Can we have positively curved space within negatively curved spacetime? Thinking about the universe as a whole. One could imagine that the three spatial dimensions each have the same, say positive, curvature, making space spherical, while time is negatively curved, making spacetime hyperbolic (saddle shaped). Is this possible? If it were possible, would $k$, the curvature term in the FWLR model, be referring to the curvature of space or of spacetime?
 A: The idea of constant spatial curvature comes from the idea, i.e. observation, that the spatial part of the universe at a certain instance in time (!) should be homogenous and isotropic.
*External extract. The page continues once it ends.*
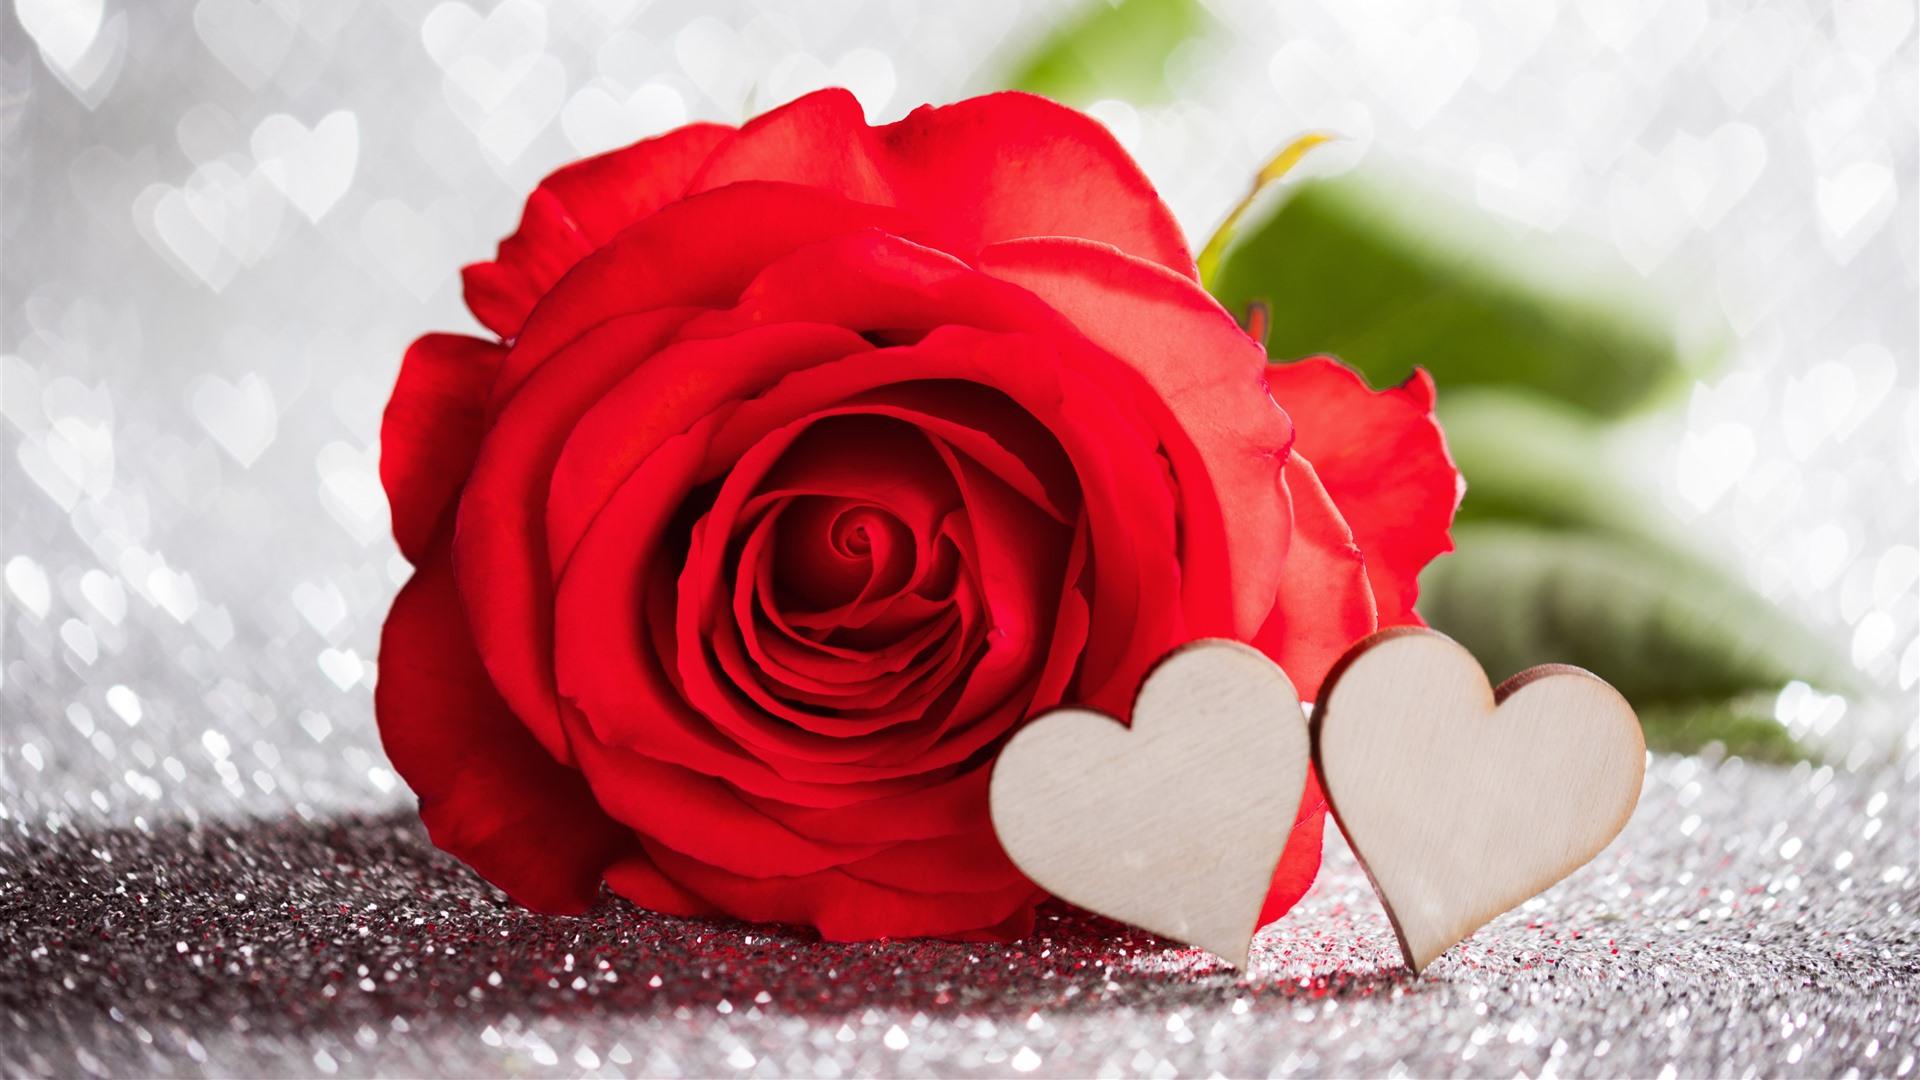 Wallpaper Red Rose Love Hearts Hazy Romantic 5120x2880 Uhd 5k

This leaves the three possibilities of $k=1,0,-1$, if all spatial coordinates are normalised correspondingly, because these three spatial metrics fulfill the conditions.
The idea of assigning ONE curvature to all four space-time coordinates, including time, does not make a lot of sense in a universe that we expect to be different at different points in time, since including the time dimension, the universe is NOT homogenous and isotropic (it DOES matter at which time you look, and it DOES matter if you look in the direction of the past or towards the future).
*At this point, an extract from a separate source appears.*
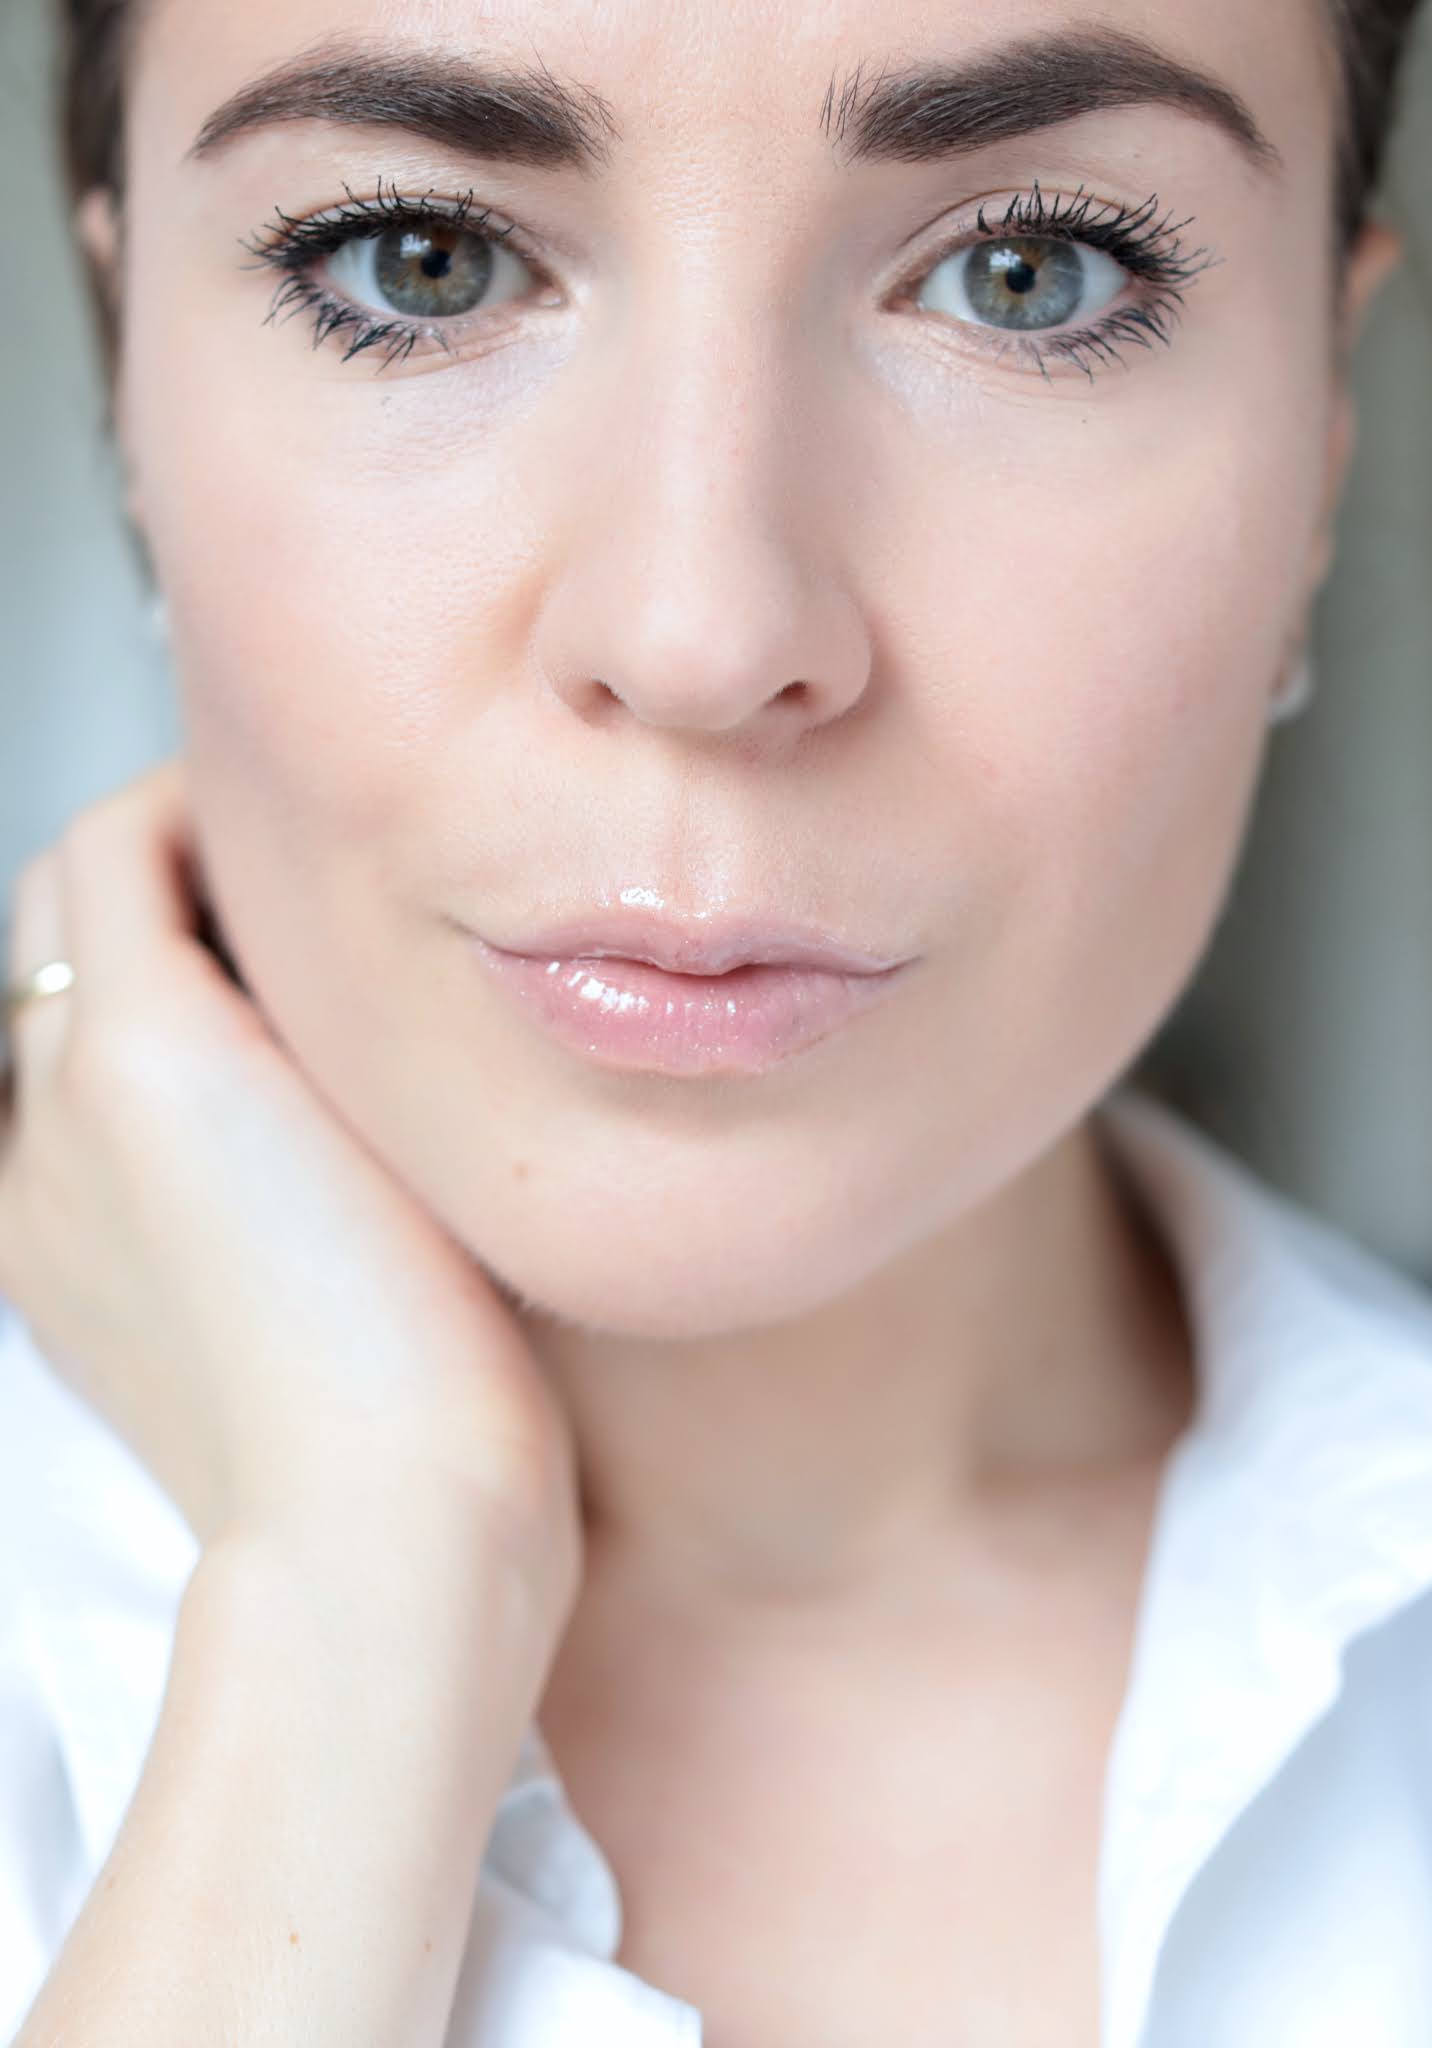 Laura Mercier Flawless Face Fusion Concealer

Mathematically you cannot assign a curvature to ONLY the time component, because a one-dimensional space cannot have curvature (there are no angles between different points that you could measure).
You could think of a universe where time loops, being a circle, I think this would correspond to your idea of time having $k=1$ (which, again, it has not, since mathematically a 1D circle still has no curvature). I think this would make it harder to solve the Friedmann equations compared to Standard cosmology, since you would have boundary conditions for $a(t)$ at the beginning and everytime the time component loops, which for example forbids exponential growth as in a dark energy dominated universe.